_Work to complete_. Your copy should repeat the data that follows exactly and contain no image.
== Data extract ==
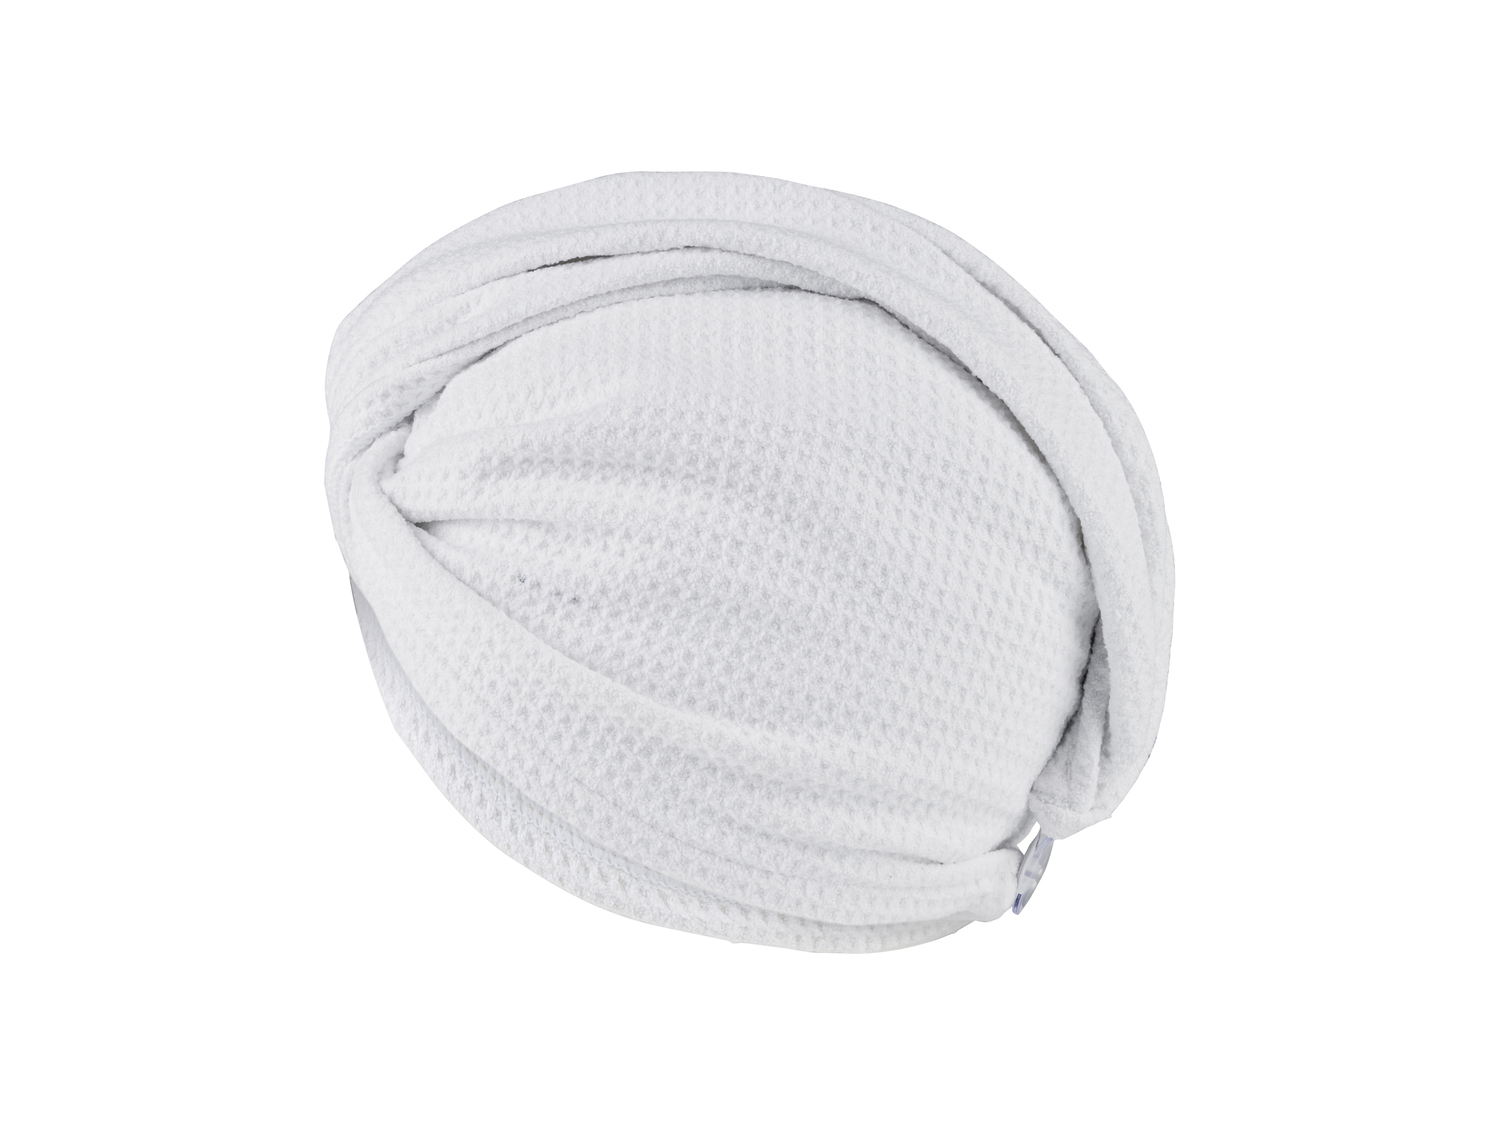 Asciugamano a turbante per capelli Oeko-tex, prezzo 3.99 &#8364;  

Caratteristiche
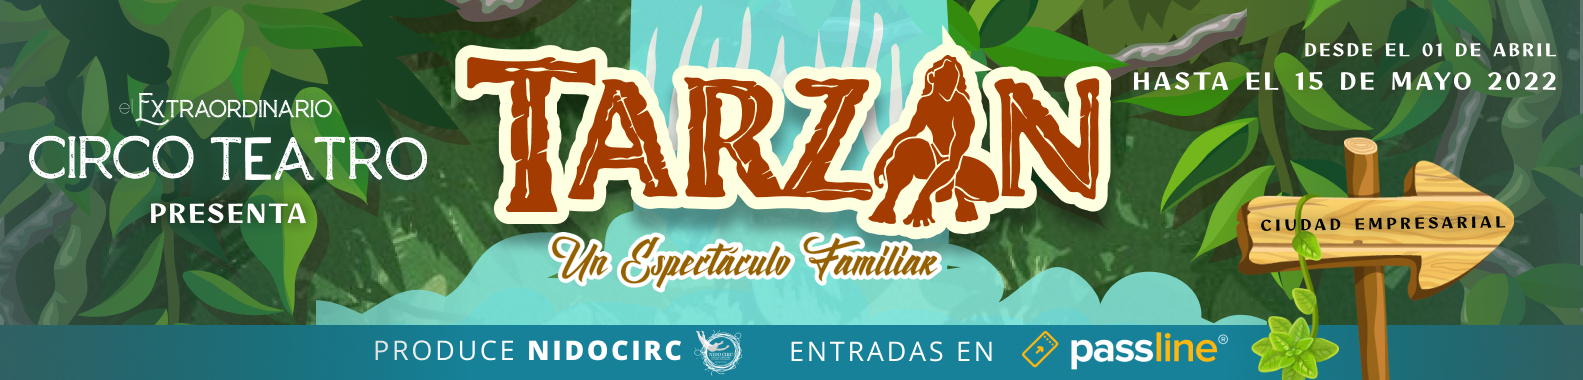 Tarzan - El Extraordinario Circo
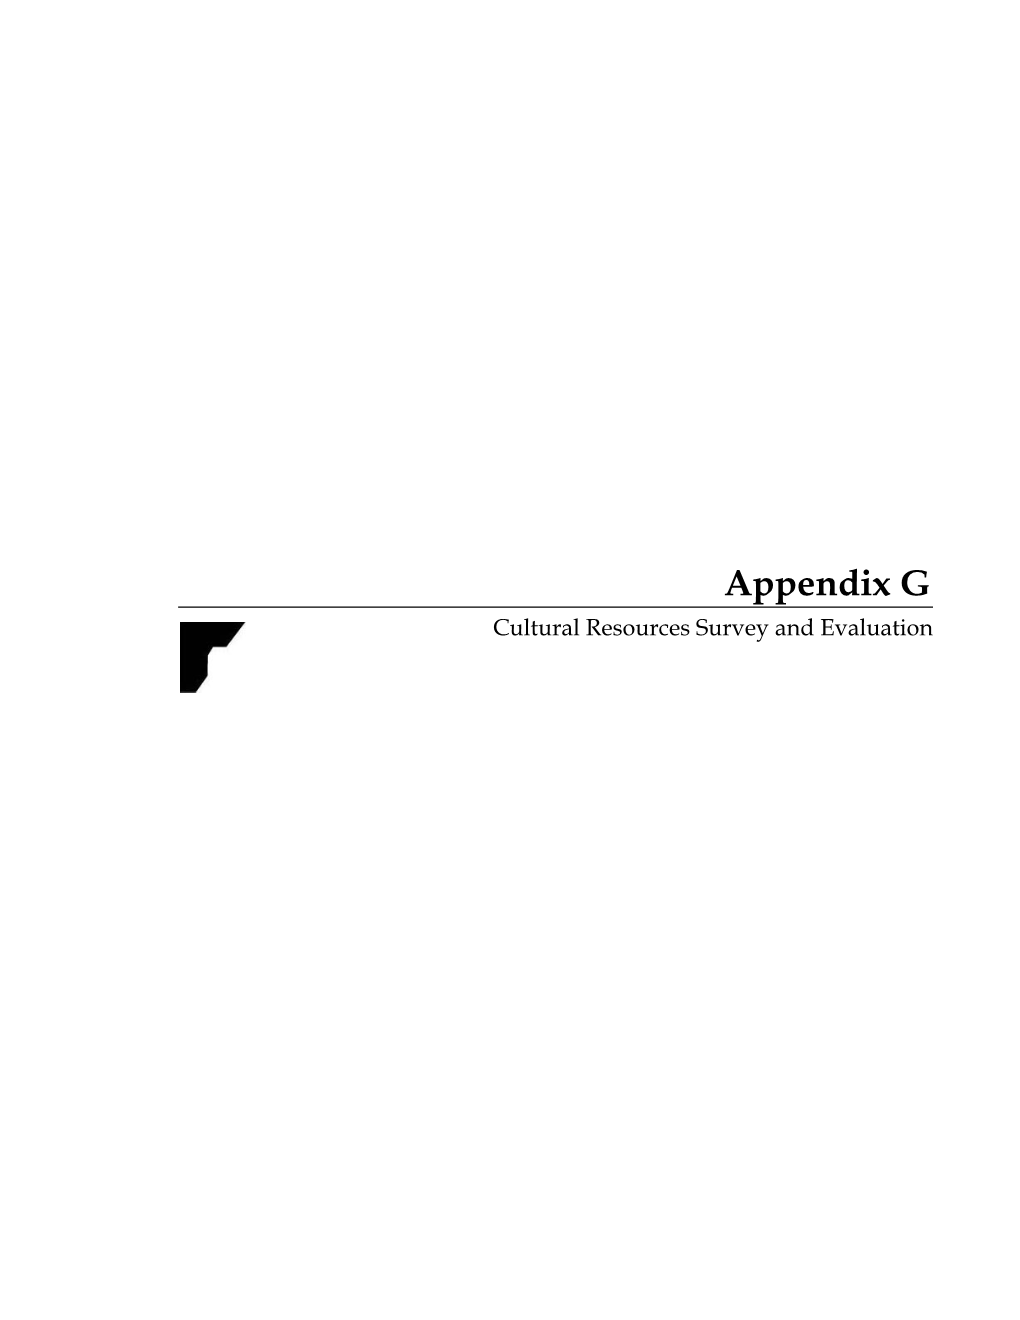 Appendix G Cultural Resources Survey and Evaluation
===
_Result of this task_.
 Asciugamano a turbante per capelli Oeko-tex, prezzo 3.99 &#8364;  

Caratteristiche
 Tarzan - El Extraordinario Circo
 Appendix G Cultural Resources Survey and Evaluation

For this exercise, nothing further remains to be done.